PSIM Yogyakarta
- Full name: Perserikatan Sepakbola Indonesia Mataram
- Nicknames: Laskar Mataram (Mataram Warriors); Parang Biru (Blue Parang);
- Short name: PSIM JOG
- Founded: 5 September 1929; 97 years ago as Perserikatan Sepak Raga Mataram (PSM) 27 July 1930; 96 years ago as Perserikatan Sepakbola Indonesia Mataram (PSIM)
- Ground: Sultan Agung Stadium at Bantul
- Capacity: 30.000
- Owner: PT. PSIM Jaya Yogyakarta
- President: Yuliana Tasno
- Head Coach: Jean-Paul van Gastel
- League: Super League
- 2025–26: 11th
- Website: www.psimjogja.id
| Home colours | Away colours |

= PSIM Yogyakarta =

Indonesian football club

Perserikatan Sepakbola Indonesia Mataram (Hanacaraka: ꦥꦼꦂꦱꦠꦸꦮꦤ꧀ꦱꦼꦥꦏ꧀ꦧꦺꦴꦭꦆꦤ꧀ꦢꦺꦴꦤꦺꦱꦶꦪꦩꦠꦫꦩ꧀ꦔꦪꦺꦴꦒꦾꦏꦂꦠ), commonly known as PSIM Yogyakarta, is an Indonesian professional football club based in Yogyakarta that set to competes in the Super League from 2025–26, the top tier of Indonesian football after promotion from Liga 2 in 2024–25. The club play their home match in Mandala Krida. Nicknamed Laskar Mataram, they were founded as Perserikatan Sepakraga Mataram in 1929, but changed their name to PSIM one year after. PSIM is also one of the founders of Indonesian football association PSSI, along with six other clubs.

==History==
The history of PSIM began on 5 September 1929 with the birth of a football organization called the Perserikatan Sepak Raga Mataram (PSM). The name Mataram was used because Yogyakarta was the center of the Mataram Sultanate. On 27 July 1930 the name PSM was changed to Perserikatan Sepakbola Indonesia Mataram (PSIM), as a demand for the national movement to achieve Indonesian independence.

On 19 April 1930, PSIM together with VIJ Jakarta (now Persija Jakarta), BIVB Bandung (Persib Bandung), MIVB (PPSM Magelang), MVB (PSM Madiun), SIVB (Persebaya Surabaya), and VVB (Persis Solo), attended the establishment meeting of the PSSI held in Yogyakarta.

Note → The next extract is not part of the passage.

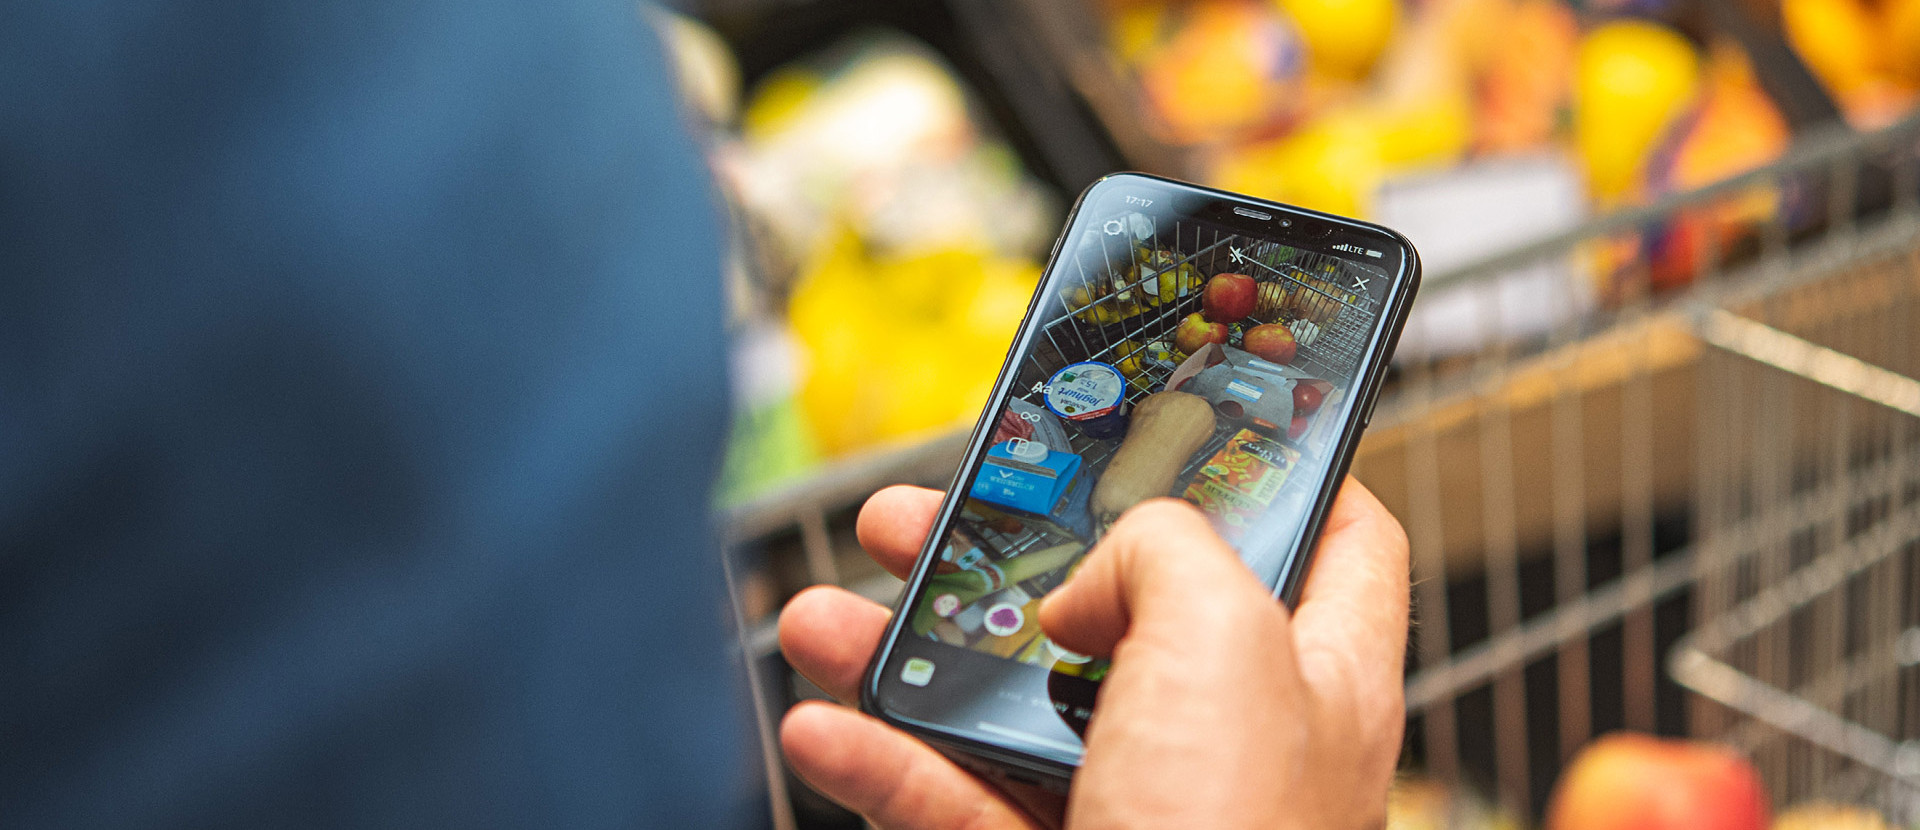 Ein Mann mit einem Smartphone in der Hand, der seine Einkäufe im Einkaufswagen fotografiert.

In the 1970s, PSIM could not do much at the main domestic competition, but they scored the only goal against a semi-professional club from Australia who was on a tour in Indonesia. PSIM participated in Diklat Salatiga and lost the match 1–5. Another achievement was when they defeated the Indonesia national team which was managed by Yanek Marota from Poland in a friendly match at the Kridosono Stadium. The final result was 1–0.

Since the Indonesian league started in 1994, PSIM's achievements have experienced ups and downs marked by the ups and downs. PSIM was relegated in the 1994–95 Liga Indonesia Premier Division and promoted two years later. After competing for three seasons in the premier division, PSIM again had to be relegated in the 1999–2000 Liga Indonesia Premier Division.

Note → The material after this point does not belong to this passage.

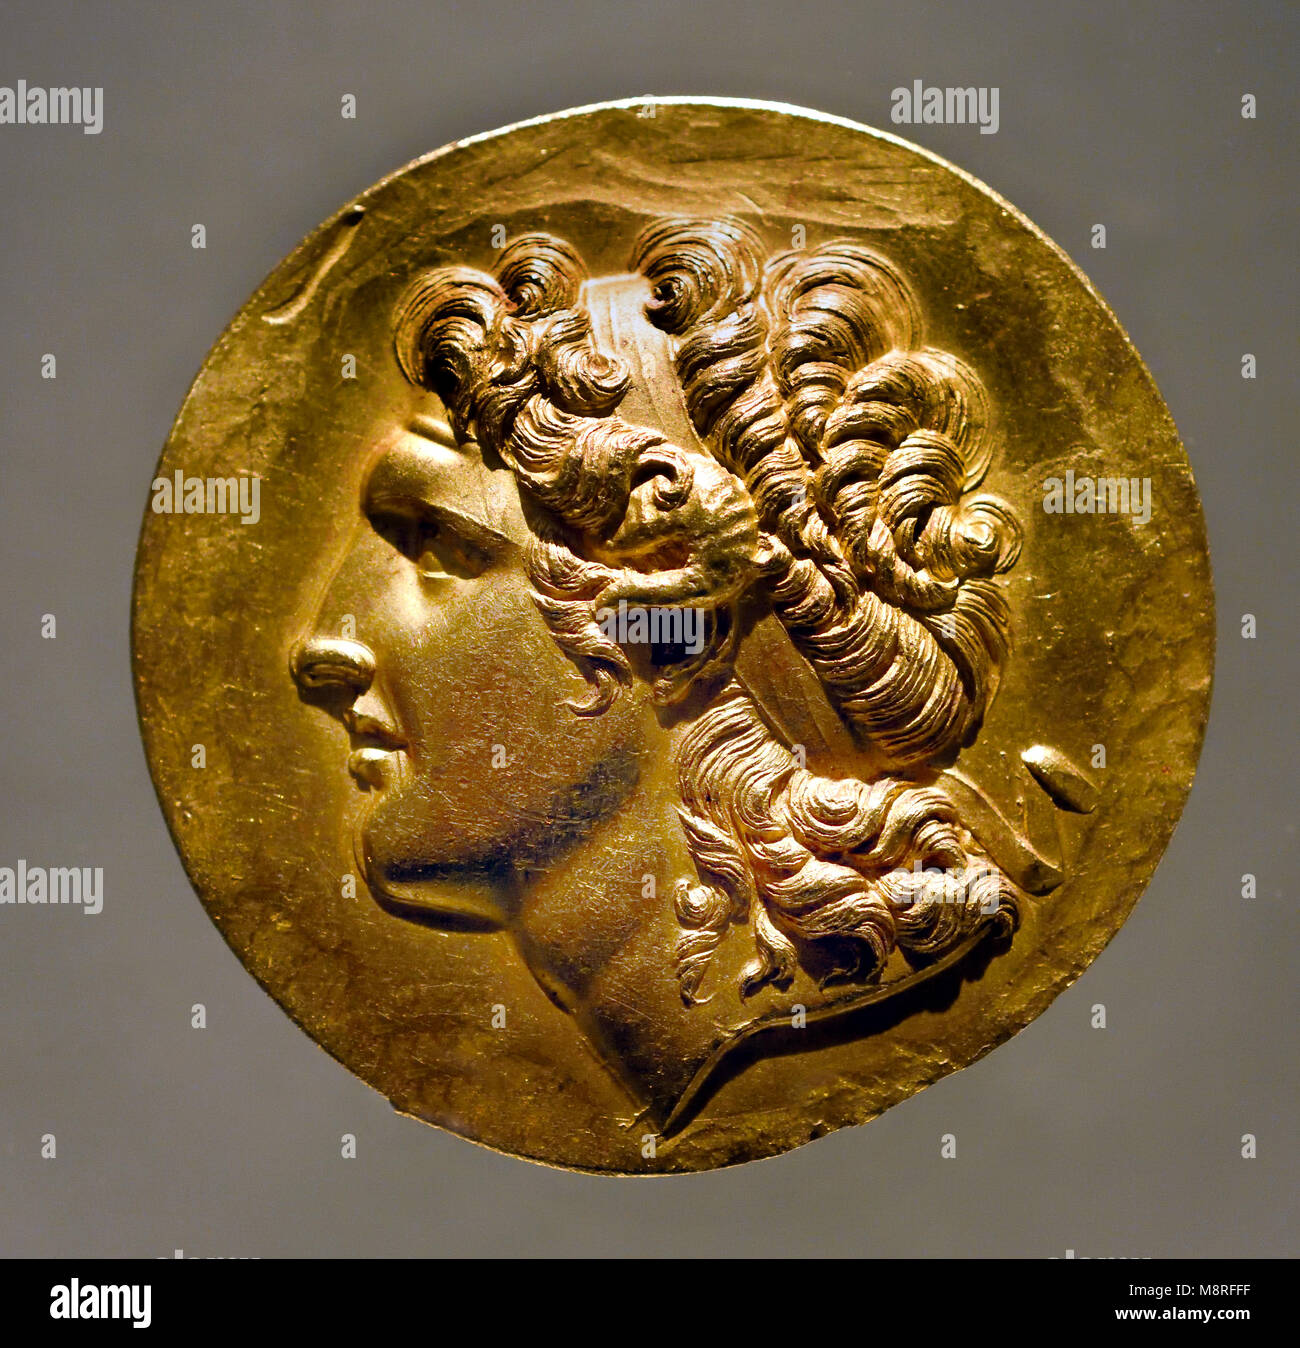 Alexander der Große war eine antike König von Makedonien (356-323 v. Chr.). Griechisch, Griechenland Stockfoto

Three years later, in Division 1 Liga Indonesia 2003, PSIM began to rise again and had a target for promotion with a well-prepared team. In the preliminary round PSIM beat the favorite team Persebaya twice in away matches with a landslide score of 3–1 and 3–0, and won group C. However, PSIM failed to continue its dominance in the last 8 round. They had to settle for 4th place, and participated in the playoffs. Played in Solo, PSIM was unable to compete with Persela Lamongan.

in 2005, they qualified for the 2006 Liga Indonesia Premier Division after beating Persiwa Wamena at the Jalak Harupat Stadium with a score of 2–1.

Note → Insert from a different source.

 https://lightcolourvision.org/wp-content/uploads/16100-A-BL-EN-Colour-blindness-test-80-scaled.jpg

Liana Tasno was appointed to succeed Bima Sinung as the club's director in August 2023. She was the first woman who took on this role.

On 17 February 2025, PSIM secured a promotion to Liga 1 for next season after defeating PSPS Pekanbaru 2-1 in final matchweek of Group X at Mandala Krida Stadium and ended 18 years stay in the second division. 9 days later on 26 February 2025, PSIM became the champions of Liga 2 after defeating Bhayangkara Presisi Indonesia 2-1 with two goals from Rafinha and Roken Tampubolon and secured their second title in second tier since 2005.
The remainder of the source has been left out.